On this friday bitcoin briefly dipped below $30,000 after Wall Street Journal reported that the U.S. Securities and Exchange Commission (SEC) found recent applications for spot bitcoin ETFs to “be inadequate”.
The news comes as a disappointment to cryptocurrency enthusiasts who had hoped the new applications, which included financial institutions BlackRock and Fidelity, would be successful. Immediately after the Journal’s report was published, bitcoin dropped 5%, but later partially recovered.
The SEC has expressed concerns about the clarity and comprehensiveness of the applications submitted by firms seeking to launch spot bitcoin ETFs. The regulator has reportedly informed both NASDAQ and CBOE, the major exchanges, that the applications are lacking in certain aspects.
In BlackRock’s case, some industry experts expected the company’s application to have a better chance of being approved by the SEC because of its proposed collaboration with Nasdaq.
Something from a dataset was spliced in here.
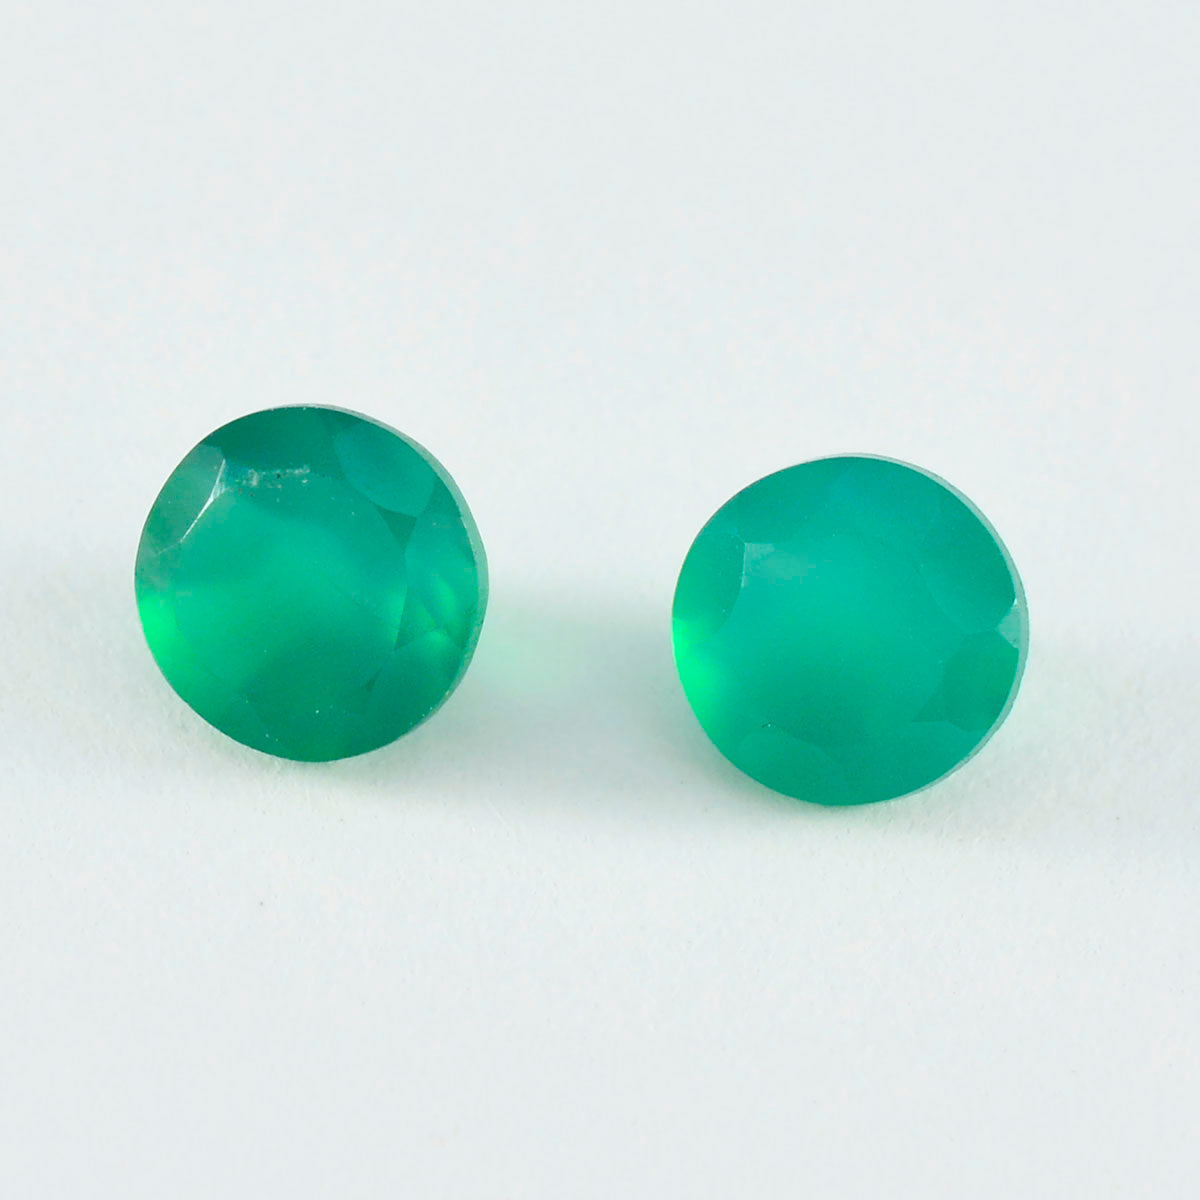 Riyogems, 1 pieza, ónix verde auténtico facetado, 10x10mm, forma redonda, gemas sueltas de buena calidad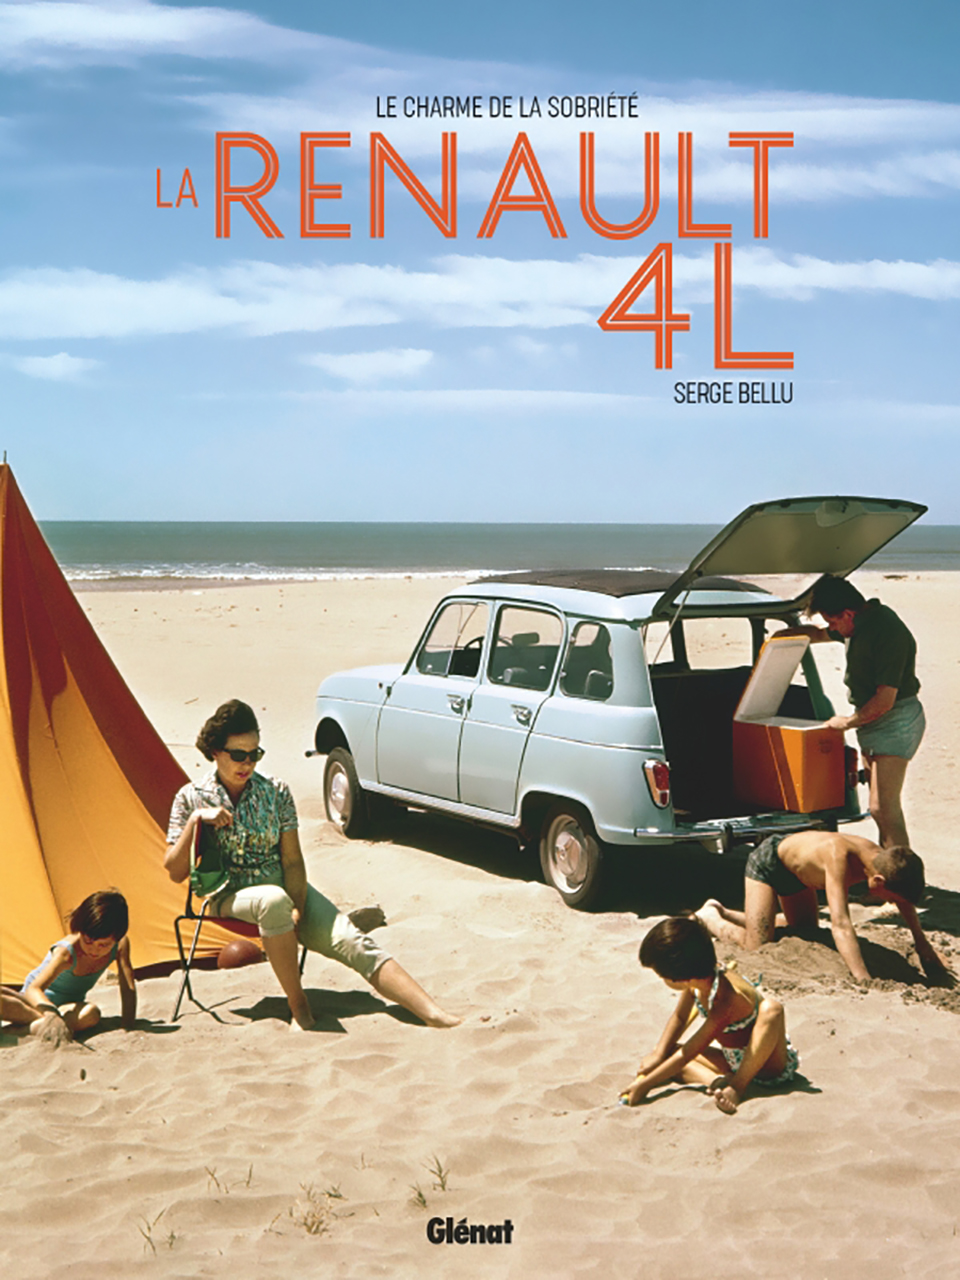 Renault 4l

Under the agreement, BlackRock would share “surveillance” data from a spot bitcoin trading platform with Nasdaq, which would be responsible for listing the ETF. This partnership was considered “a solution” to the SEC’s concerns about market manipulation and fraud in the crypto industry.
Despite the recent setback, there is still hope for BlackRock and other firms looking to launch spot bitcoin ETFs. The SEC’s decision to return the applications is not necessarily a final rejection, but rather an indication of further improvements. In fact, the wording of the SEC’s feedback suggests that the regulator is providing applicants with guidance on what is required for a successful filing.
Specaulation on Twitter
Speculation – of course – arised on Twitter about the future of bitcoin ETFs,the situation is exaggerated. The Wall Street Journal’s recent report highlights the SEC’s feedback to exchanges, stating that the filings lack clarity and comprehensive information.Also filings need to specify the crypto exchange for surveillance sharing agreements. While these concerns exist, they can potentially be addressed in revised filings. As a matter of fact CBOE spokeswoman already confirmed to CNBC that they will update and refile – NASDAQ or the SEC declined to comment.
However, the general consensus on Twitter is that it’s a pretty nasty move by the SEC to issue such a meaningless statement on a Friday before the weekend. Gemini co-founder Tyler Winklewoss commented/tweeted that the SEC and Gary Gensler:
have a serious credibility problem.
— Tyler Winklevoss (@tyler) June 30, 2023
For now, the future of bitcoin ETFs remains uncertain, as the SEC’s didnt rule out the possibility of future approval.